As the immortal Pierre Dorion once said: "The rebuild is done. Now we're stepping into another zone". On either Saturday or Sunday of this week, the Ottawa Senators will break their eight year hiatus and return to the Stanley Cup Play-Offs. We've got lots of great coverage coming in the days ahead, I can't wait to share it with all of you.
For now, feast on some links, news, and notes from Ottawa and around the hockey world:
- Good news on the injury front for the Sens: while Brady Tkachuk won't play tomorrow against Chicago, he will be ready for Game 1 of the play-offs.
- Julian McKenzie has a piece for the Athletic arguing that the Pinto-Greig-Amadio line could be Ottawa's most important in a play-off series. I'm not sure I'd go quite that far, the first line will be the most important since they will play the most, but having a third line that you can count on to handle tough match-ups is very valuable indeed.
- Likely Sens' first round opponent the Toronto Maple Leafs are under an intense amount of pressure, writes Travis Yost. I agree, and I suggest they are ripe for an upset!
- In case you missed it, Steve Staios made an appearance on the TSN broadcast of yesterday's game and said some Staios-like things.
- The Edmonton Oilers will be without Mattias Ekholm for at least their first round series against the Los Angeles Kings. Edmonton's probably still my pick to get through, but that defensive group is awfully thin as it is and missing Ekholm will hurt.
- With the play-offs nearly set, ESPN has their first stab at an off-season plan for all the teams missing out on the fun. It's not that I have a particular interest in any of these squads, but I shared this link because it gives me great joy to open it and realize the Sens are not included in the list.

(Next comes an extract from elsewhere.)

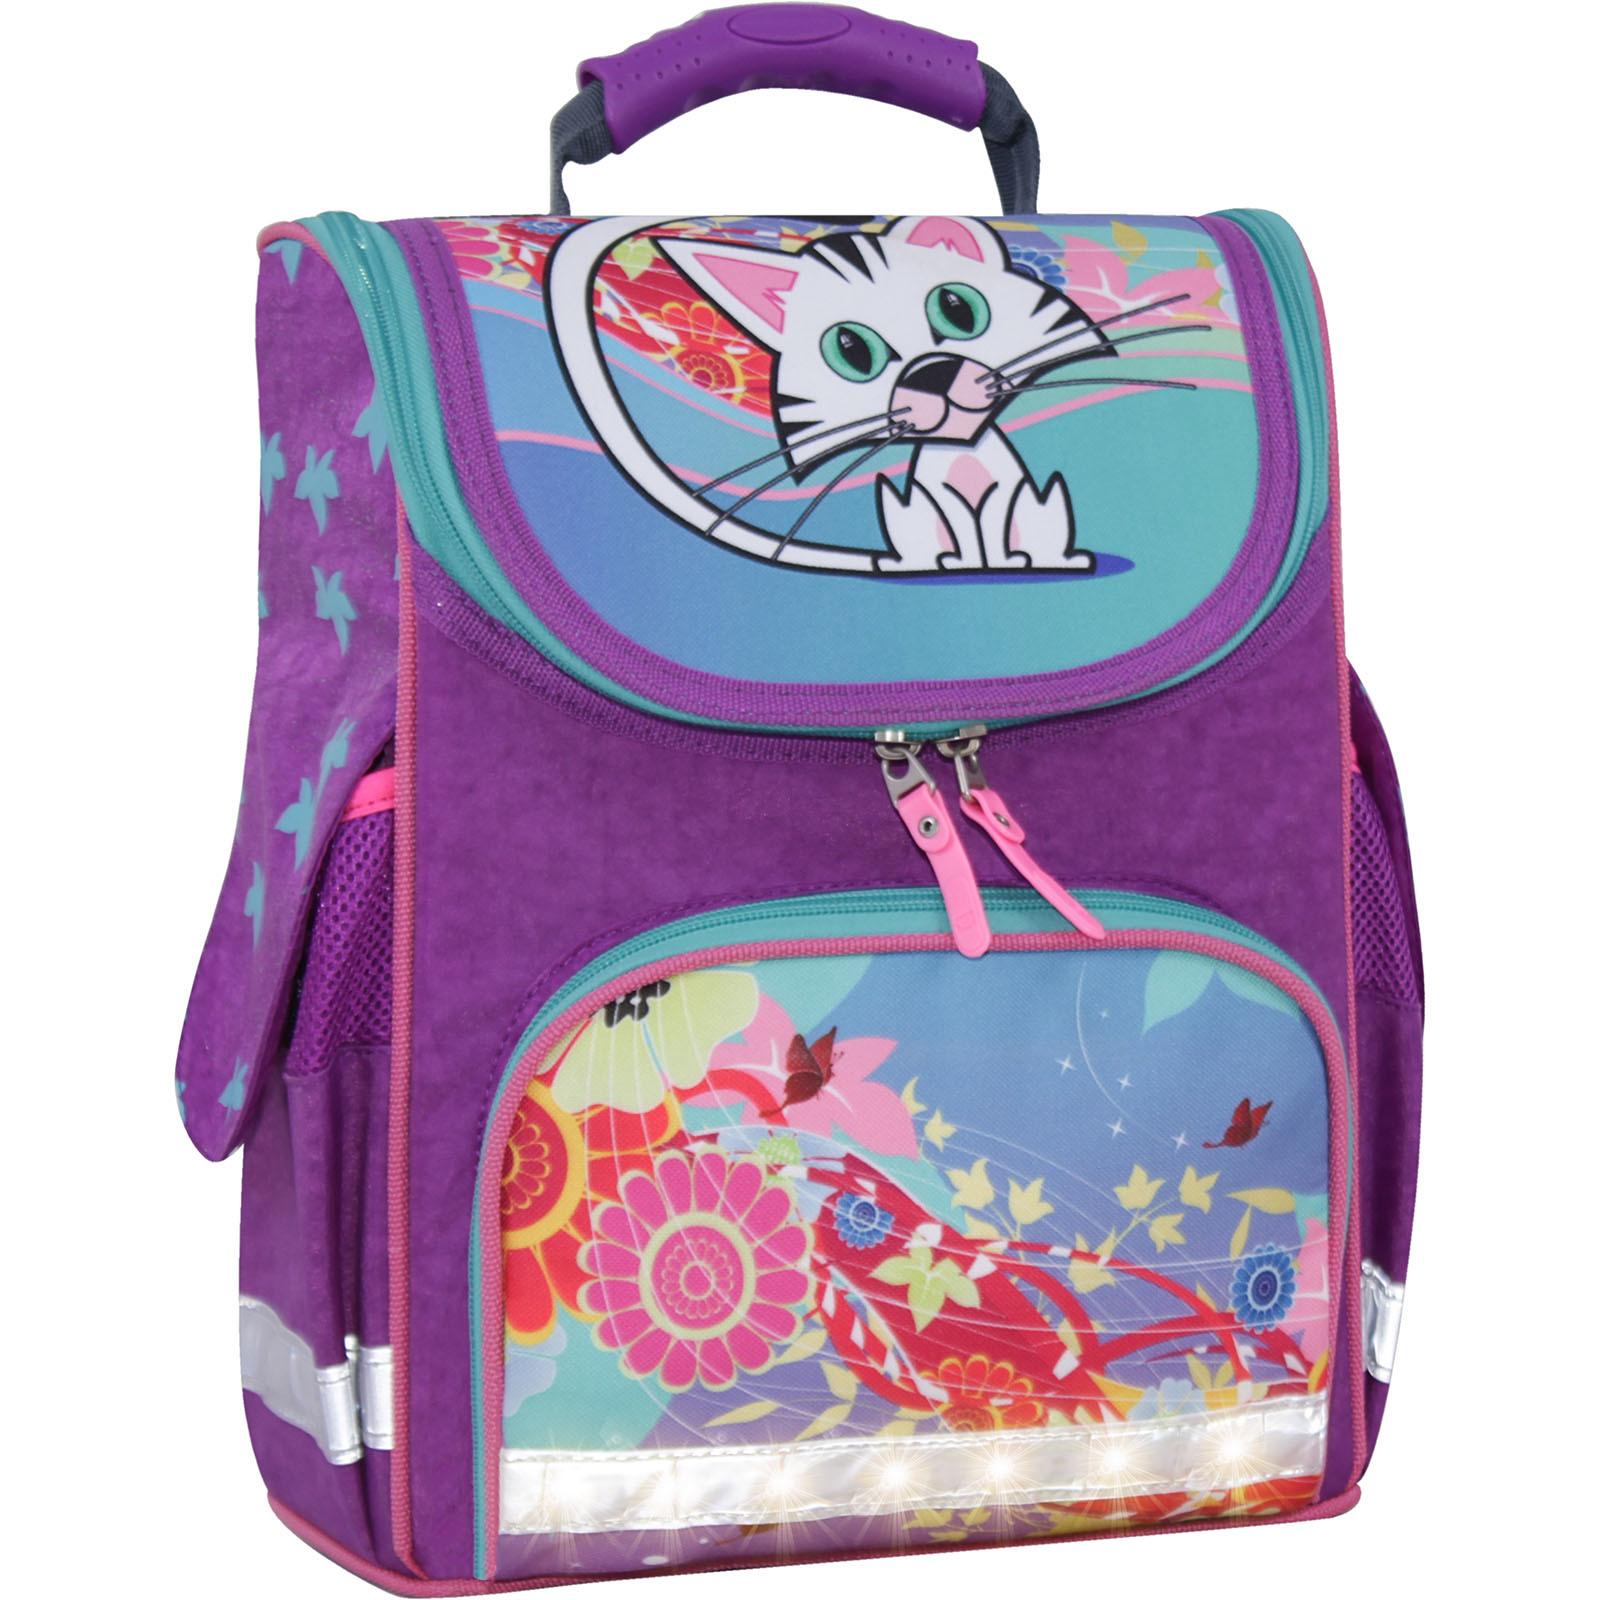 Школьные рюкзаки Рюкзак школьный каркасный с фонариками Bagland Успех 12 л. фиолетовый 502 (00551703) IMG_3869сет.суб502-1600.jpg

- Zeev Buium, one of the players the Sens were reportedly considering at seventh overall last year, had himself quite a year in Denver and has signed a three-year ELC with the Minnesota Wild.
- Murat Ates has a quality deep dive into what made the Winnipeg Jets such a formidable hockey machine this season. Ates suggests that the players really did take last year's humiliating elimination to heart, and it's hard to argue with quotes like this when they've just won the President's Trophy:
“We have levels that we need to find this offseason. I hope it stings for all of us into the summer and we use it as motivation.”
That was Josh Morrissey, speaking shortly after the Game 5 loss to Colorado. It was the first in a series of self-aware statements by Jets leadership. Winnipeg had put together a quality regular season for the second straight year but, despite its progress, had been pushed out of the first round just as easily. In the days that followed, Morrissey’s teammates would add to his urgency.